*TASK DIRECTIONS*
Your task is to give the listing below back word for word, pictures excluded.

*DATA*
· · · · · · ·

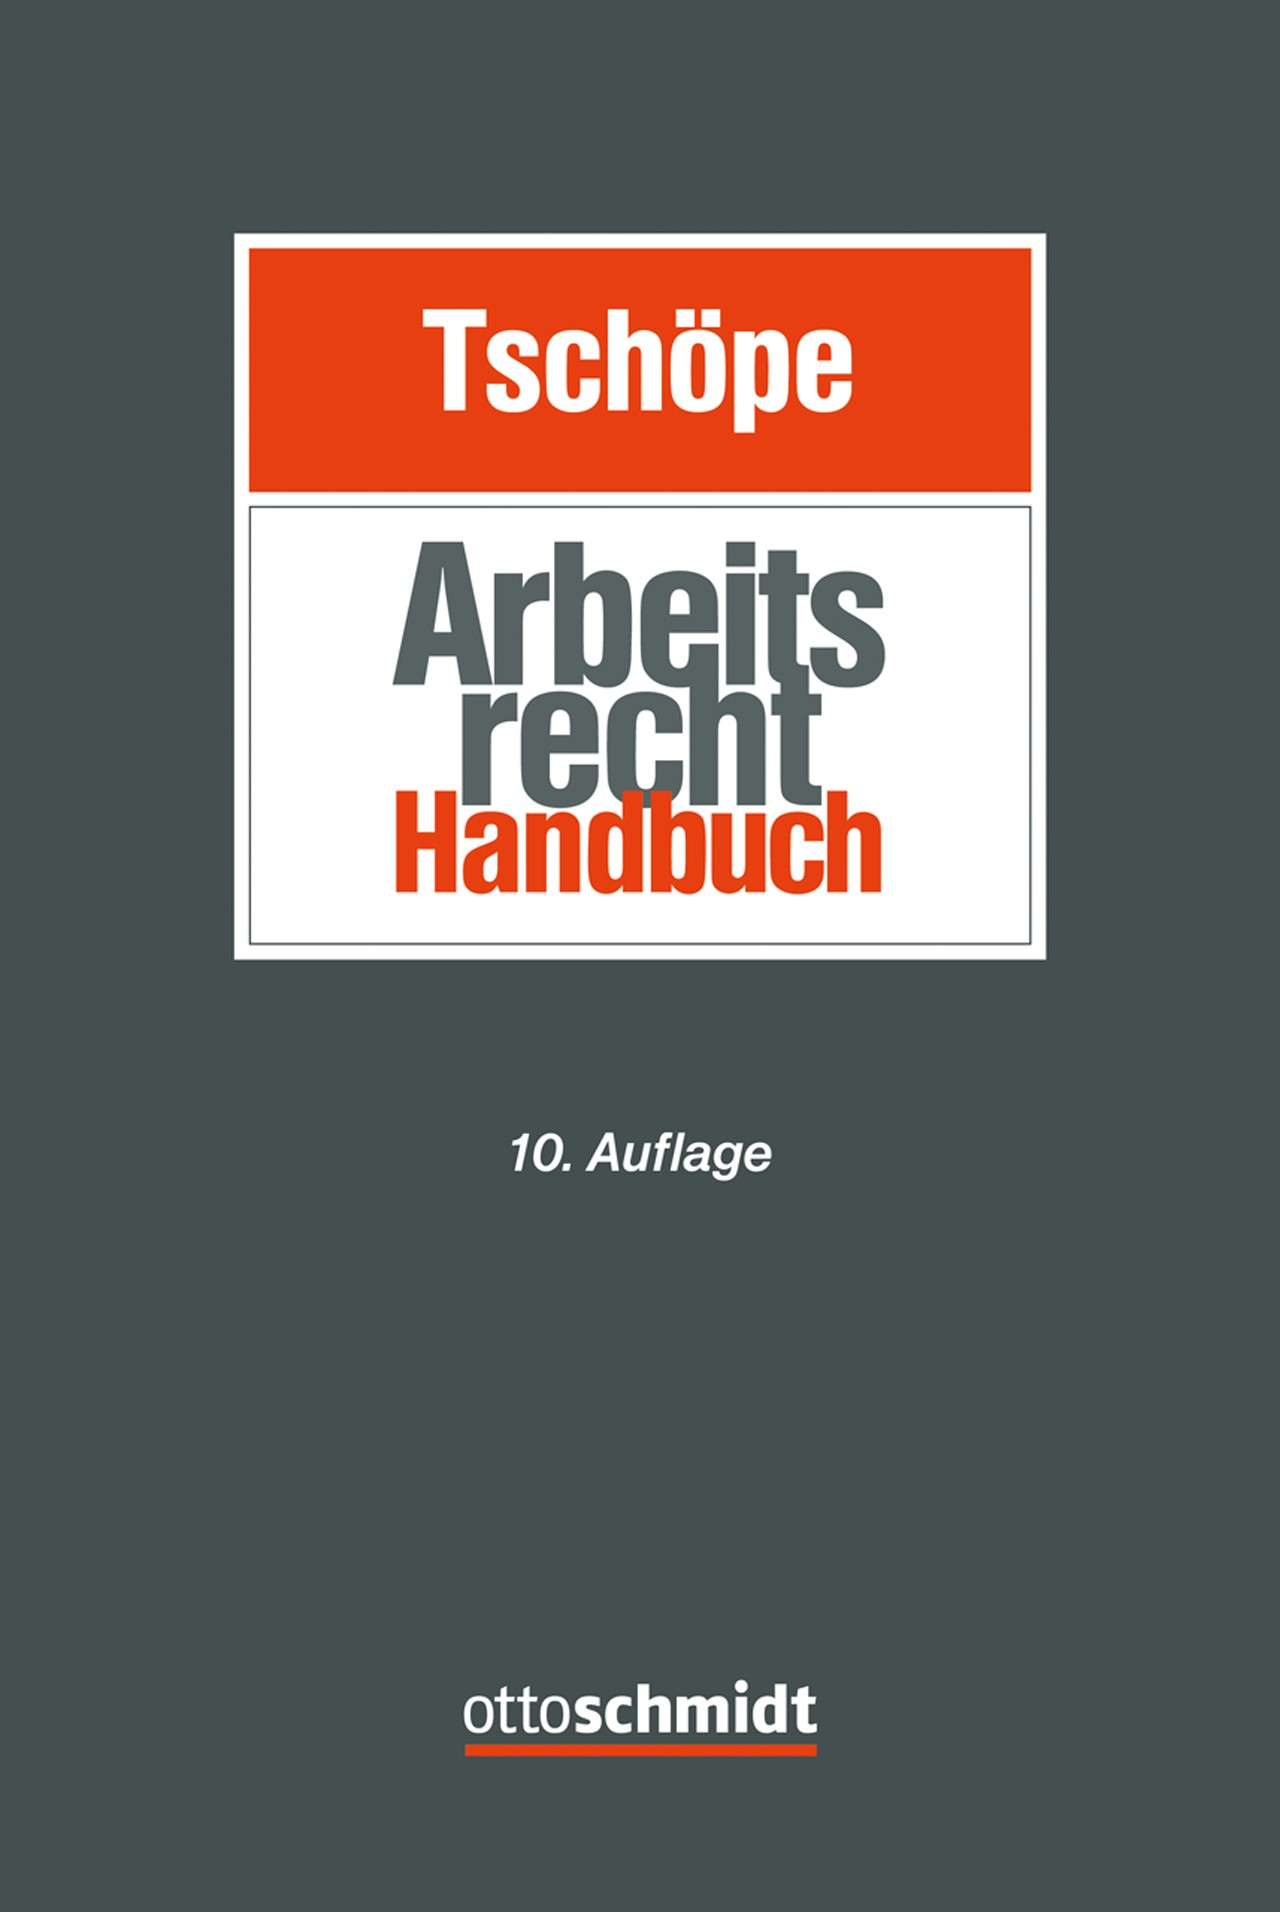 Arbeitsrecht Handbuch | Tschöpe | 10., neu bearbeitete Auflage, 2017 | Buch (Cover)
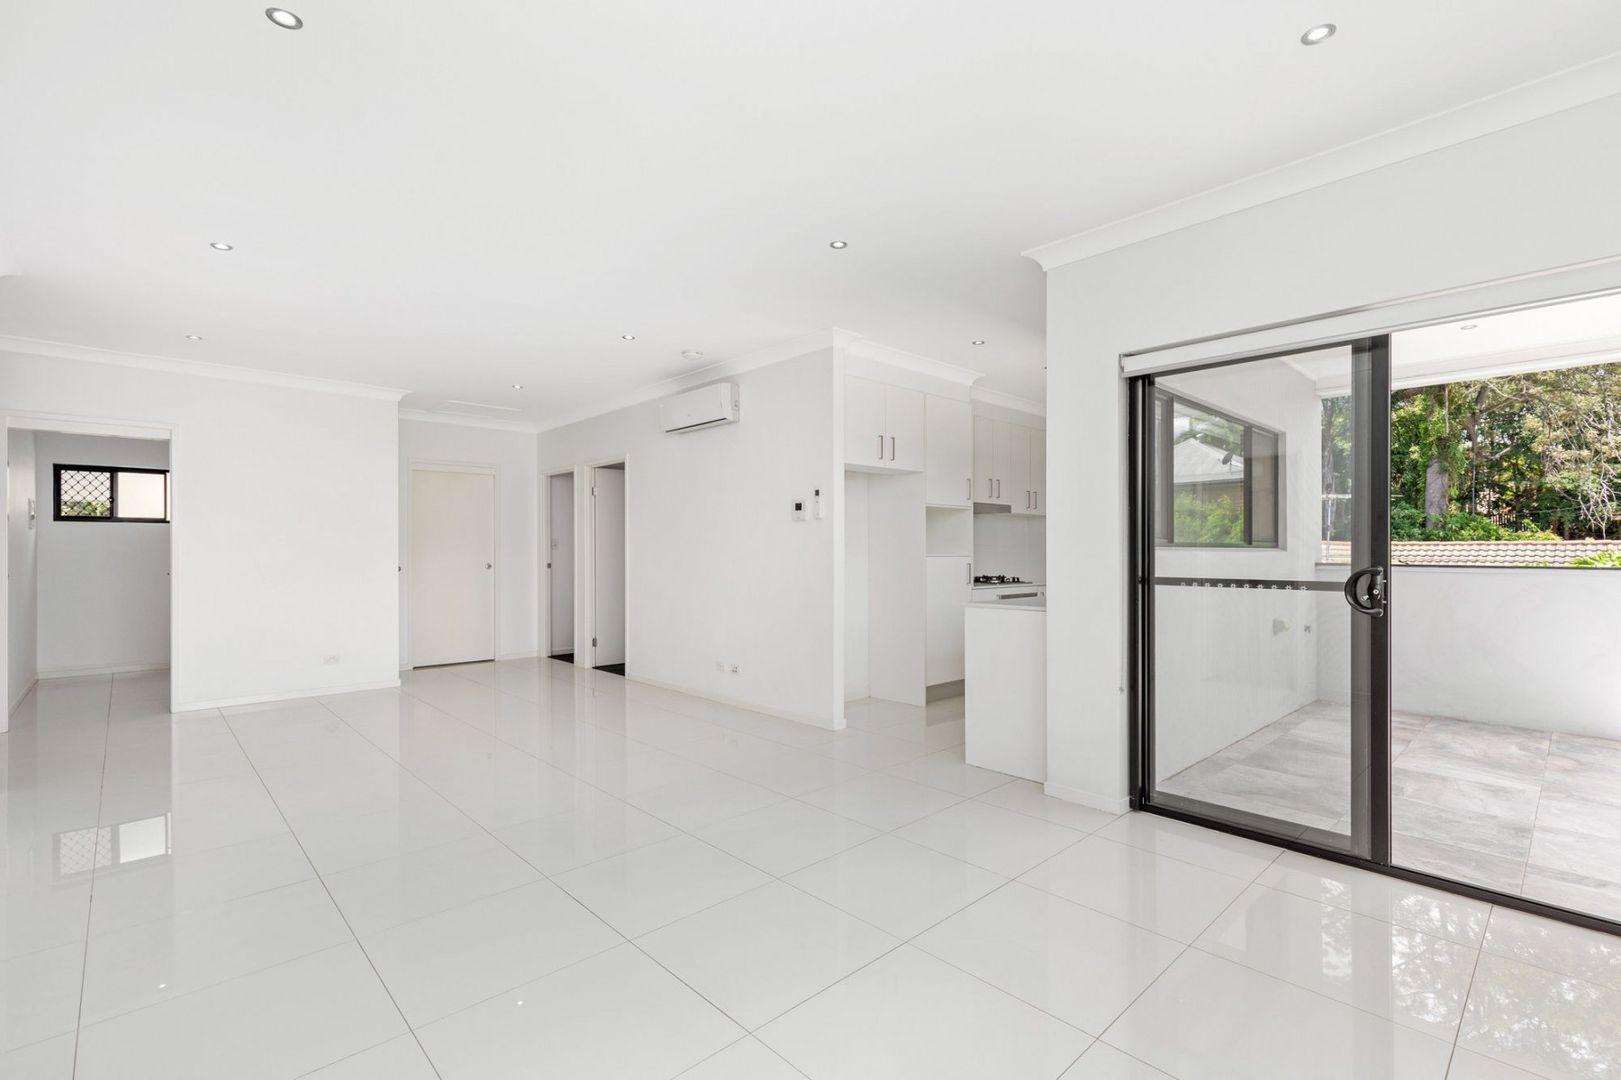 8/60 Thynne Road, Morningside QLD 4170, Image 2
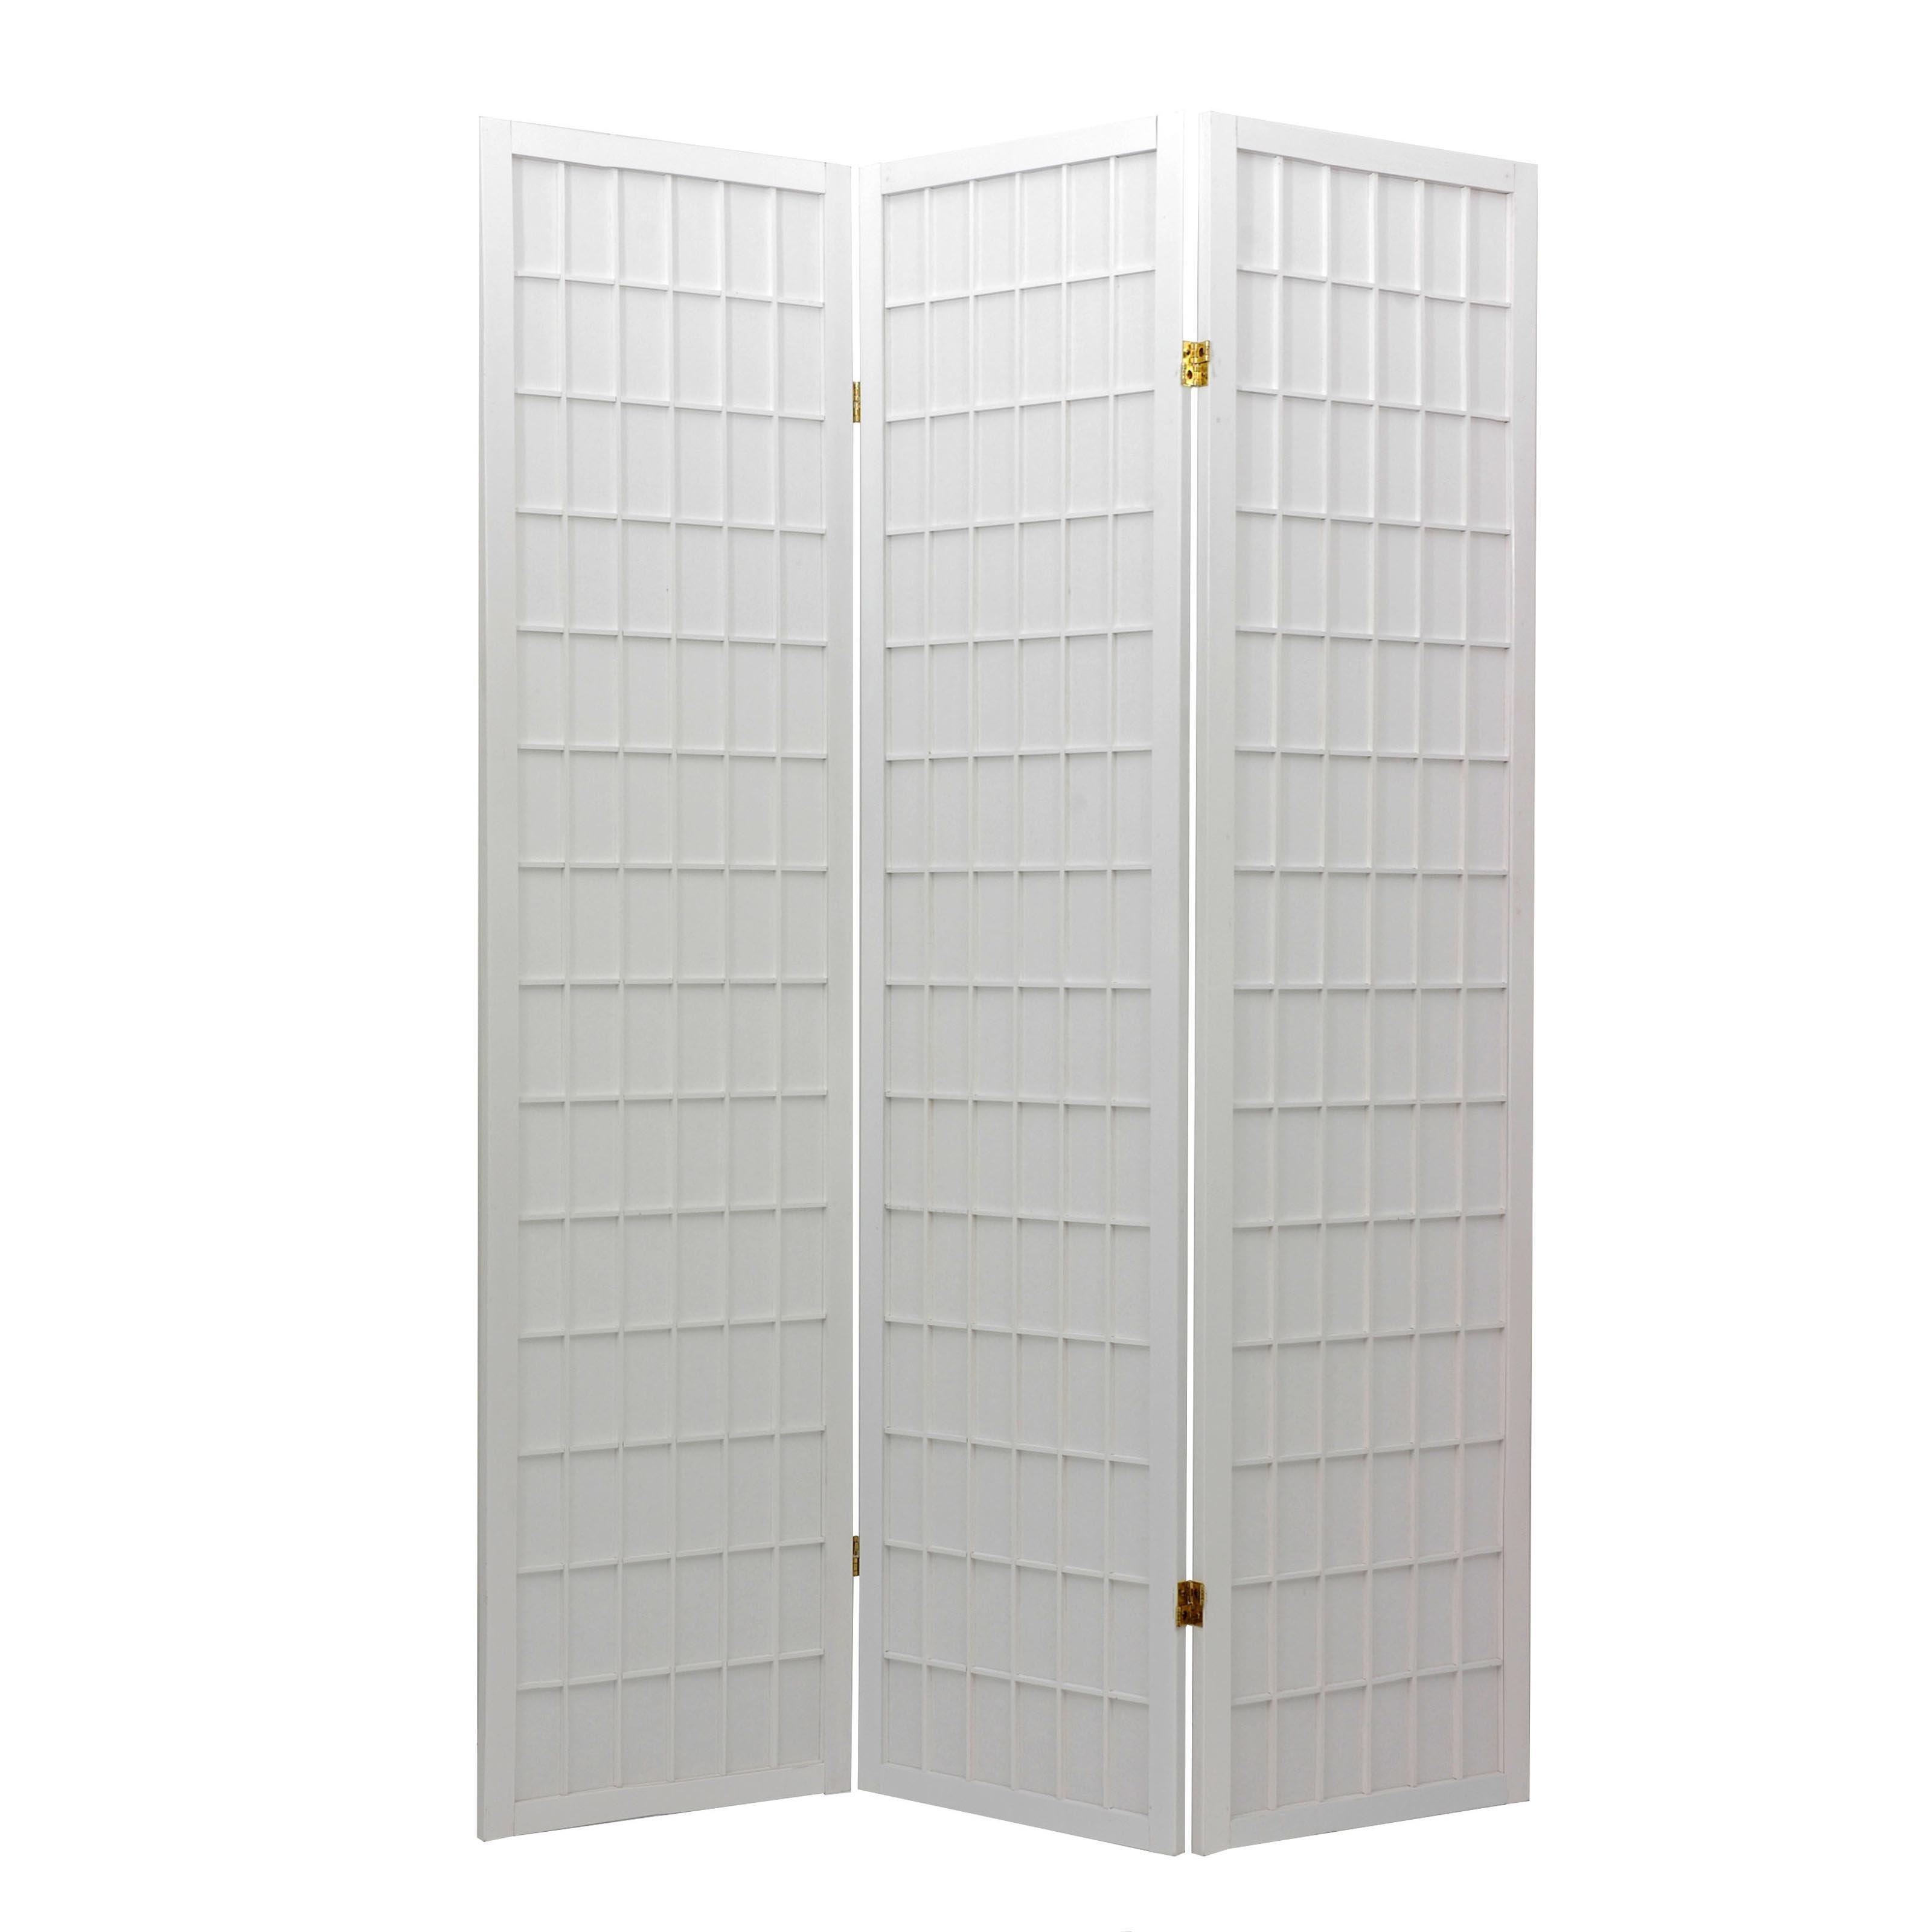 Oriental Furniture Window Pane Shoji Screen Room Divider - White

· · · · · · ·

*OUTPUT OF THE EXERCISE*
 Arbeitsrecht Handbuch | Tschöpe | 10., neu bearbeitete Auflage, 2017 | Buch (Cover)
 8/60 Thynne Road, Morningside QLD 4170, Image 2
 Oriental Furniture Window Pane Shoji Screen Room Divider - White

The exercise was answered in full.